EXERCISE DETAILS:
Only the pictures are dropped. Restate each line below word for word.

======== DATA EXTRACT ========

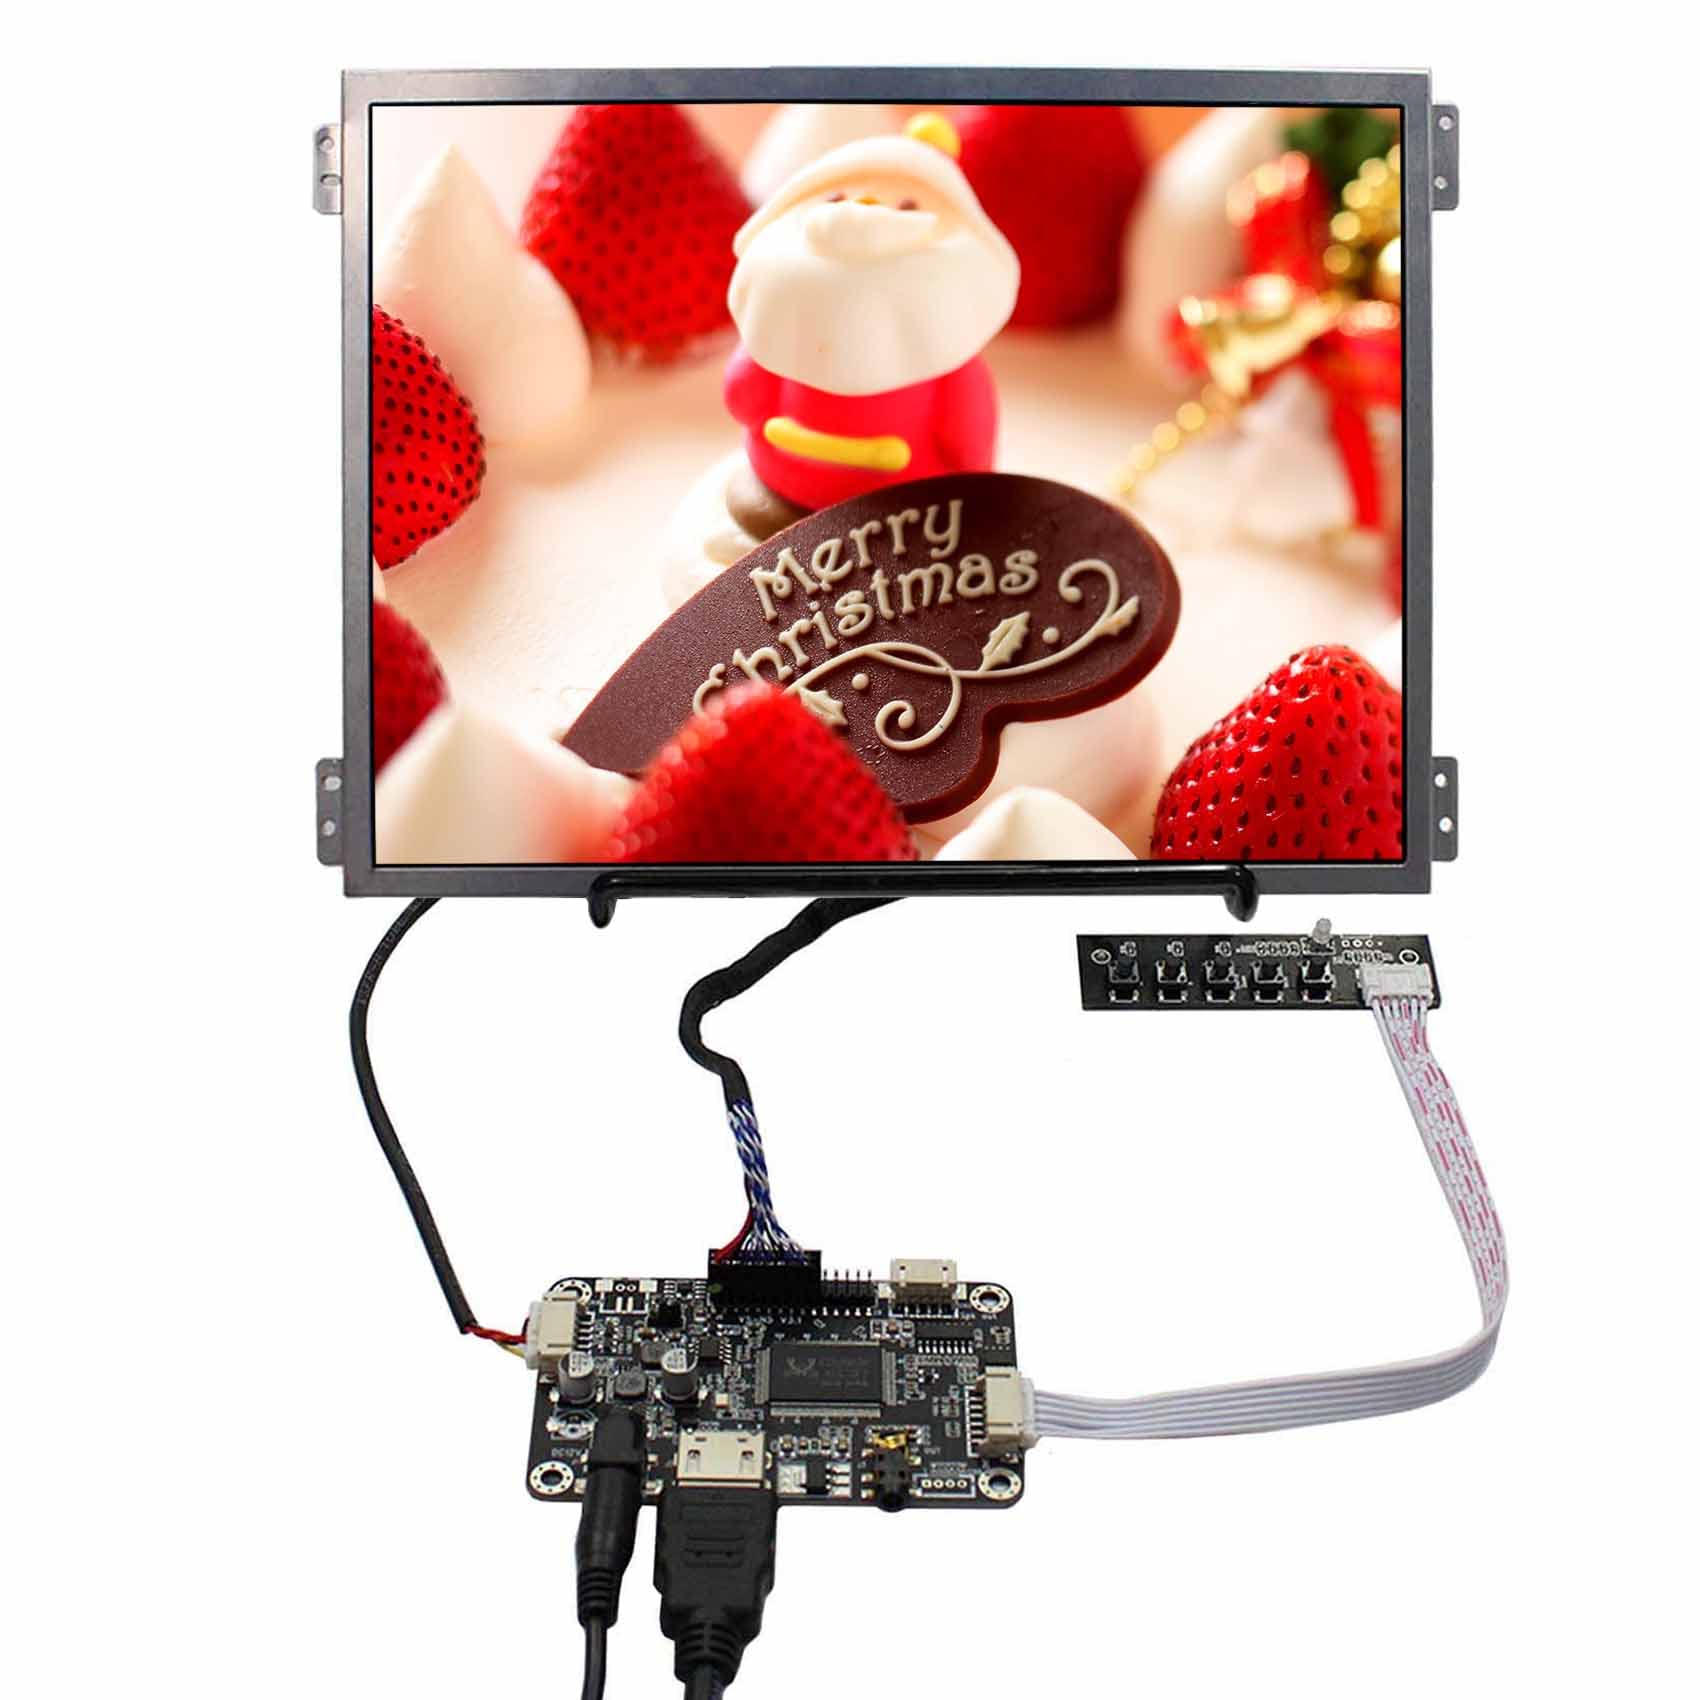 VSDISPLAY 10.4" 10.4 Inch 1024x768 600nit IPS LCD Screen VS104T-004A with HD-MI Audio LCD Controller Board
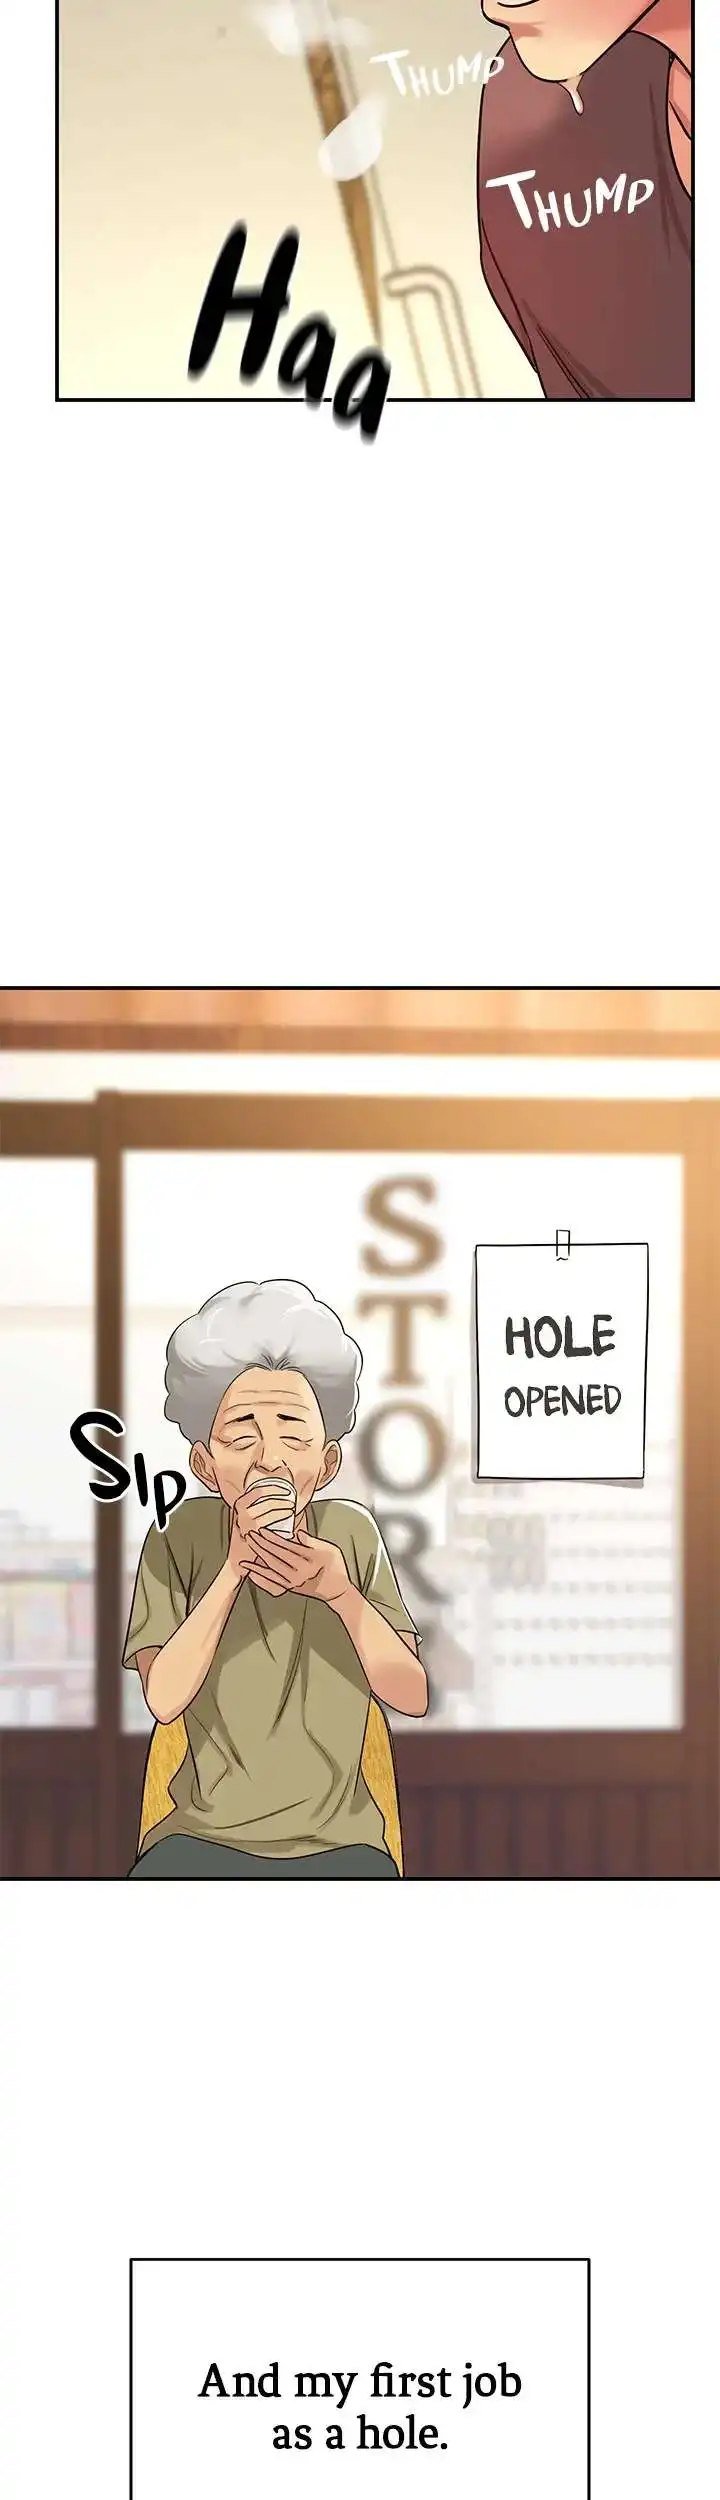 the-hole-is-open-chap-3-2
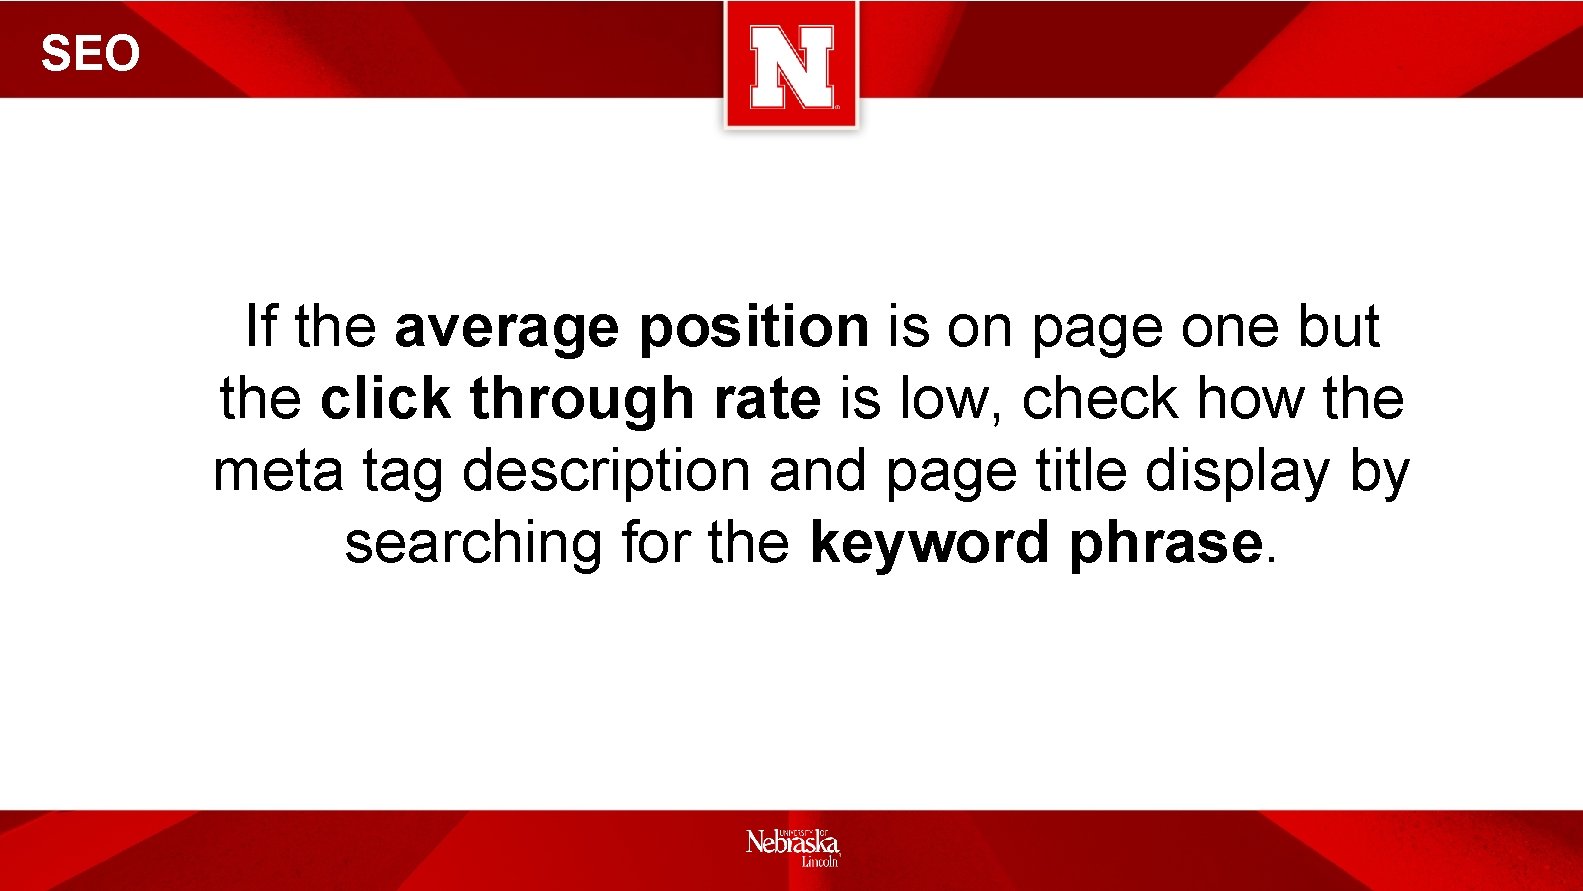 SEO If the average position is on page one but the click through rate

========

ANSWER TO THE EXERCISE:
 VSDISPLAY 10.4" 10.4 Inch 1024x768 600nit IPS LCD Screen VS104T-004A with HD-MI Audio LCD Controller Board
 the-hole-is-open-chap-3-2
 SEO If the average position is on page one but the click through rate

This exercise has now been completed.